Biz Ink: October 2018

Custodian With a dry mop in a hallway

Posted on 10.02.18

Fitness Theory

The recently opened Orangetheory Fitness Frederick, 7820 Wormans Mill Road, is devoted to helping its clients “increase energy, get visible results and burn more calories even after leaving the studio.” The fitness center, that has the motto “designed so you can succeed,” offers 60-minute workout sessions that are split into intervals of cardiovascular and strength training with heart rate monitors to track the intensity of the workout and maximize metabolic burn, according to their website. Coach support is offered.

China Shop Returns

For years the Worcestershire Shop was a fixture on North Market Street until it closed about 20 years ago. Owner Jake Fenton has brought it back, carrying some of the same lines of china that his grandmother sold when she had the store, as well as a changing selection of antiques, depending on what Fenton acquires at auctions. The shop, located in the same building but in a slightly smaller space around the corner, is at 4 E. 7th St.

“You will find some unique pieces,” Fenton promises, as well as china designs that have stood the test of changing tastes.
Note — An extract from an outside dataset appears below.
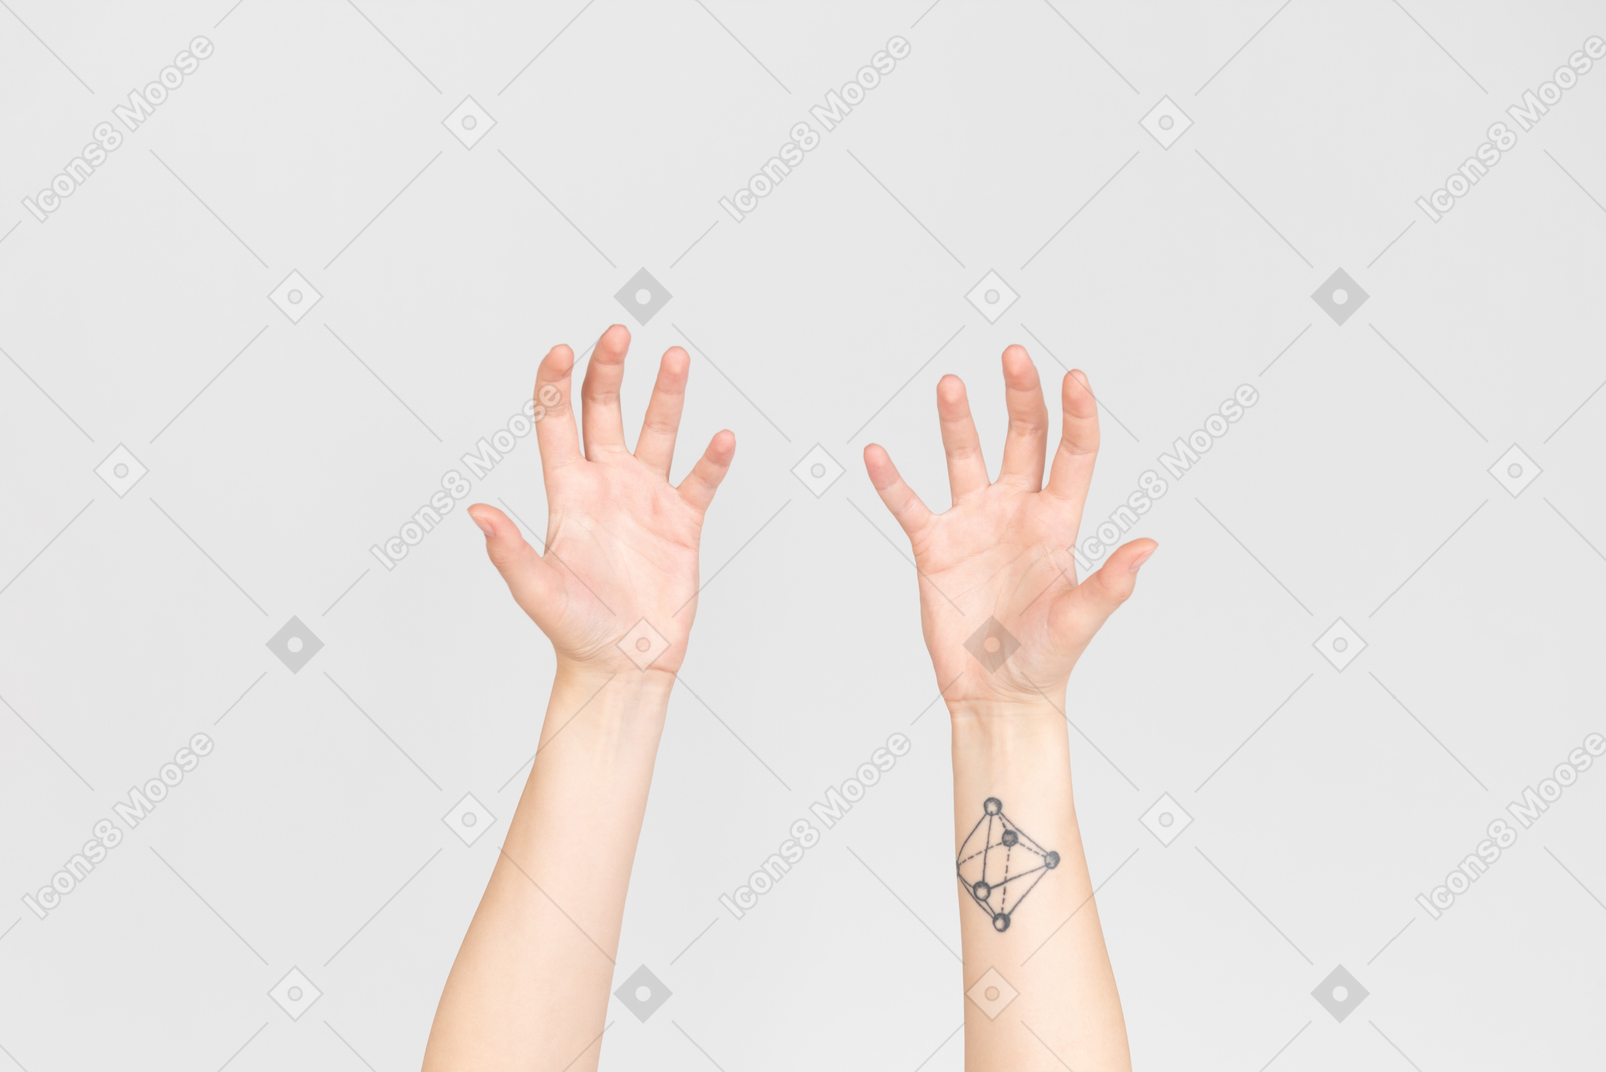 Ладони женских рук показаны на камеру

A corner is devoted to child-sized tea sets and throughout the store are linens, lampshades, artwork, furniture and almost anything you can imagine for setting off your home décor.

Putting Business in Order

Web design and development company Inroads, LLC, 205B Broadway St., recently unveiled a new platform intended to revolutionize how small to mid-size businesses manage and compete in the e-commerce world.

AxiumPro is a comprehensive end-to-end business platform that automates most of the labor-intensive tasks associated with operating an e-commerce website, including content management, accounting, customer relationship management, workflow, email marketing and more. “It’s a powerful system and at an affordable price,” Inroads’ chief operating office Scott Mcguirl says.

Dog Training to the Rescue

It took becoming the owner of a 90-pound rambunctious dog named Riggins to make Julie Barber realize the need for a dog trainer. After doing research and attending seminars and other classes, Barber began offering her services part time to friends and family. It wasn’t long before she decided to go all in, leaving the health care job she had for 15 years to open Julie’s K9 Academy in Frederick. “Everybody’s been thrilled,” Barber says of her clients as well as herself, not to mention the dogs.

Barber offers a puppy course as well as a class for older dogs who need to be coaxed from bad habits. Owners will drop off their pets usually for a two-week stay and can observe via a video feed either in real time or view later. Before the dog returns home, the owner is also schooled on what was taught so the training is understood and remains consistent.